RECORDS FOR THIS TASK ->
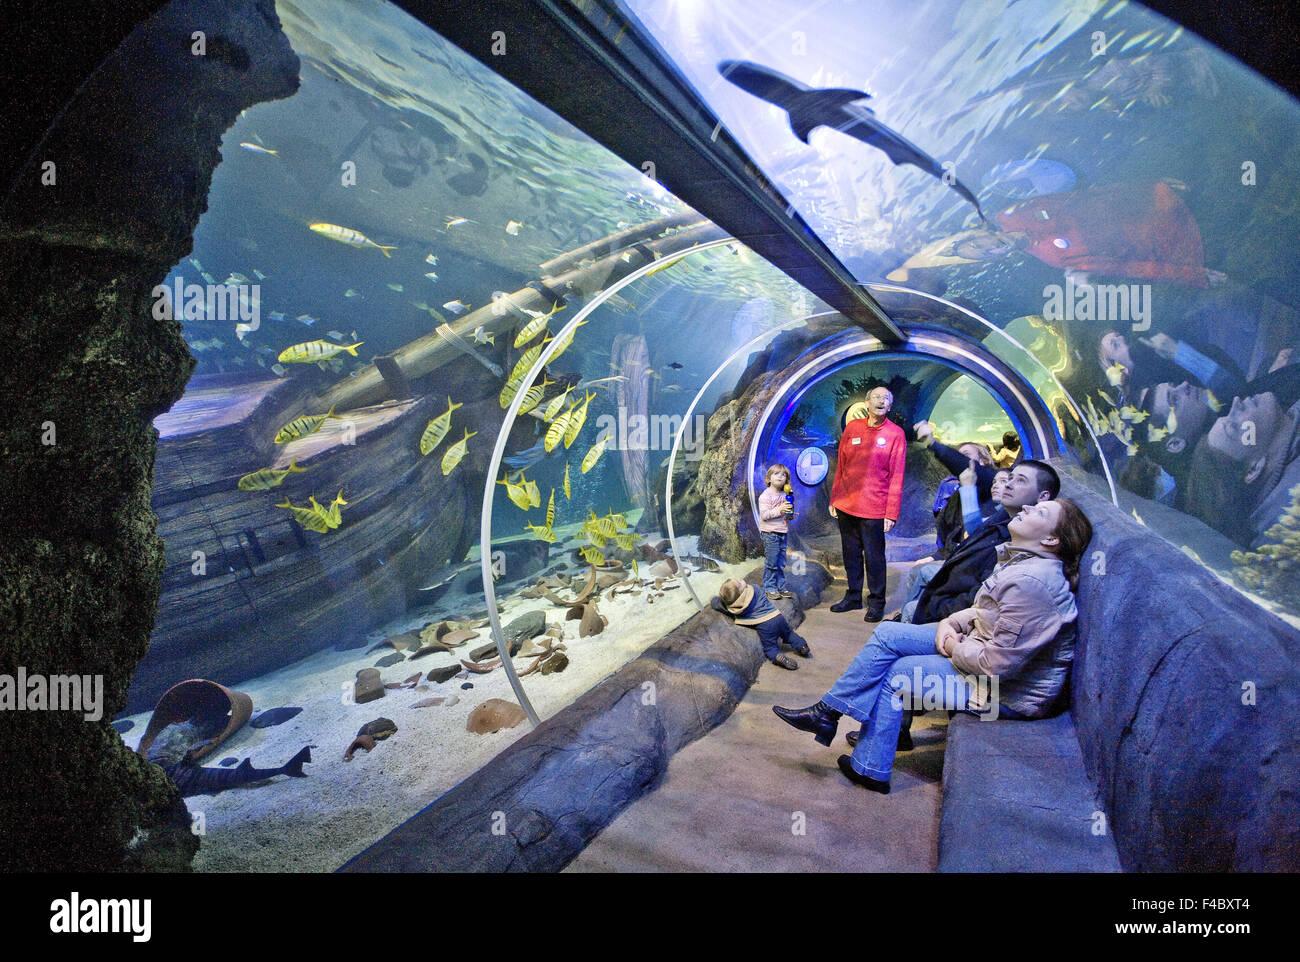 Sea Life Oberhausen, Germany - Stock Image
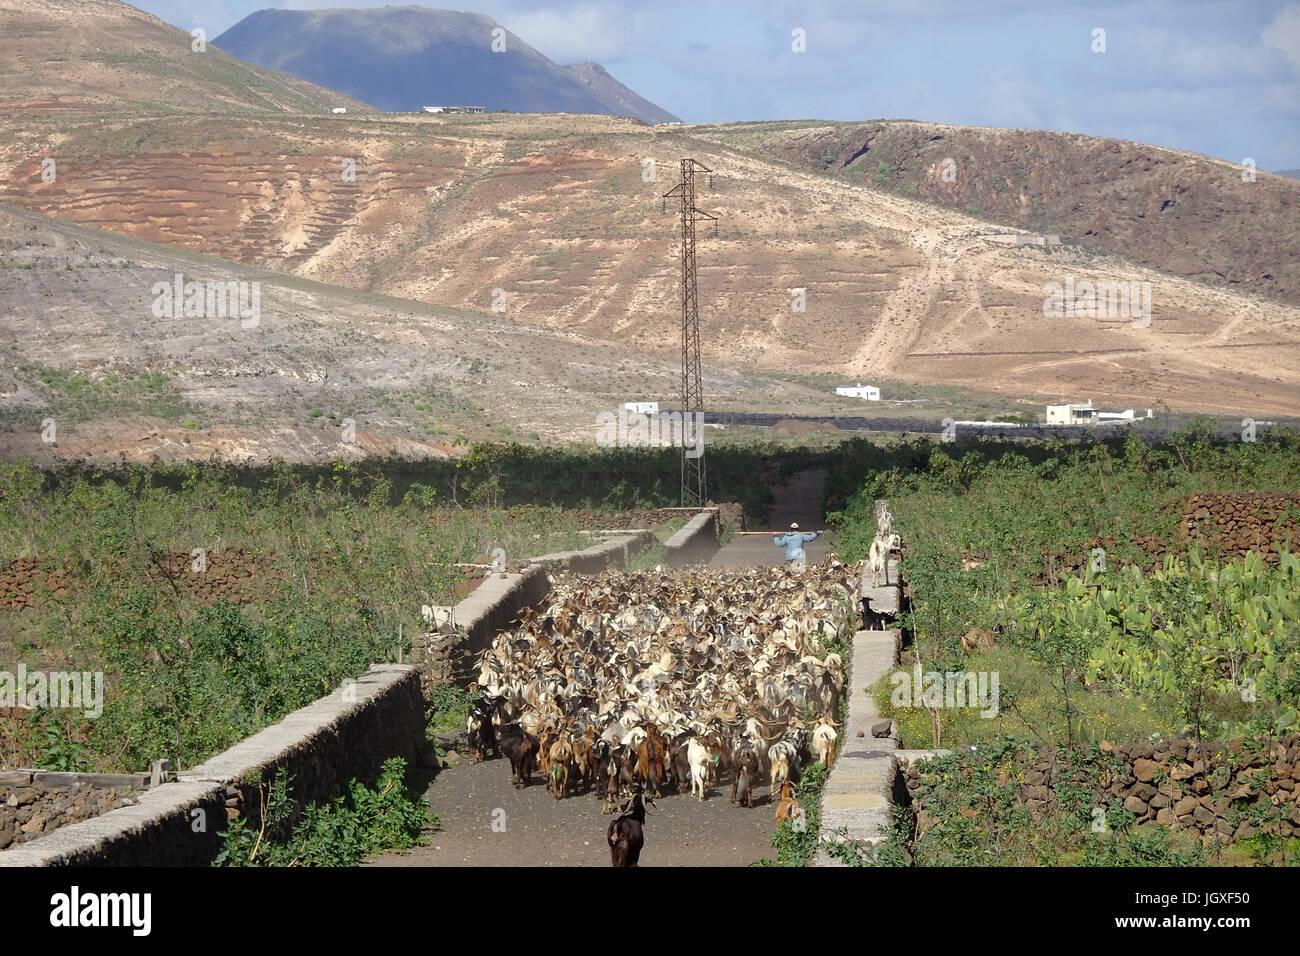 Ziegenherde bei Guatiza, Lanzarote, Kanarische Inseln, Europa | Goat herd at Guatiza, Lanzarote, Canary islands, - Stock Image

* * *

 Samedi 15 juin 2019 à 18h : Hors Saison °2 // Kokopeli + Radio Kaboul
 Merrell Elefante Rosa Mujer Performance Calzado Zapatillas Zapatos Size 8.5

...

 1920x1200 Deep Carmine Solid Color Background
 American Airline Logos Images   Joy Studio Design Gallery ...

PROMPT ->
Only one stretch of the data above is needed. Restate it word for word, from the line containing "1920x1200 Deep Carmine" through the line containing "American Airline Logos", both ends included.

TASK OUTPUT ->
 1920x1200 Deep Carmine Solid Color Background
 American Airline Logos Images   Joy Studio Design Gallery ...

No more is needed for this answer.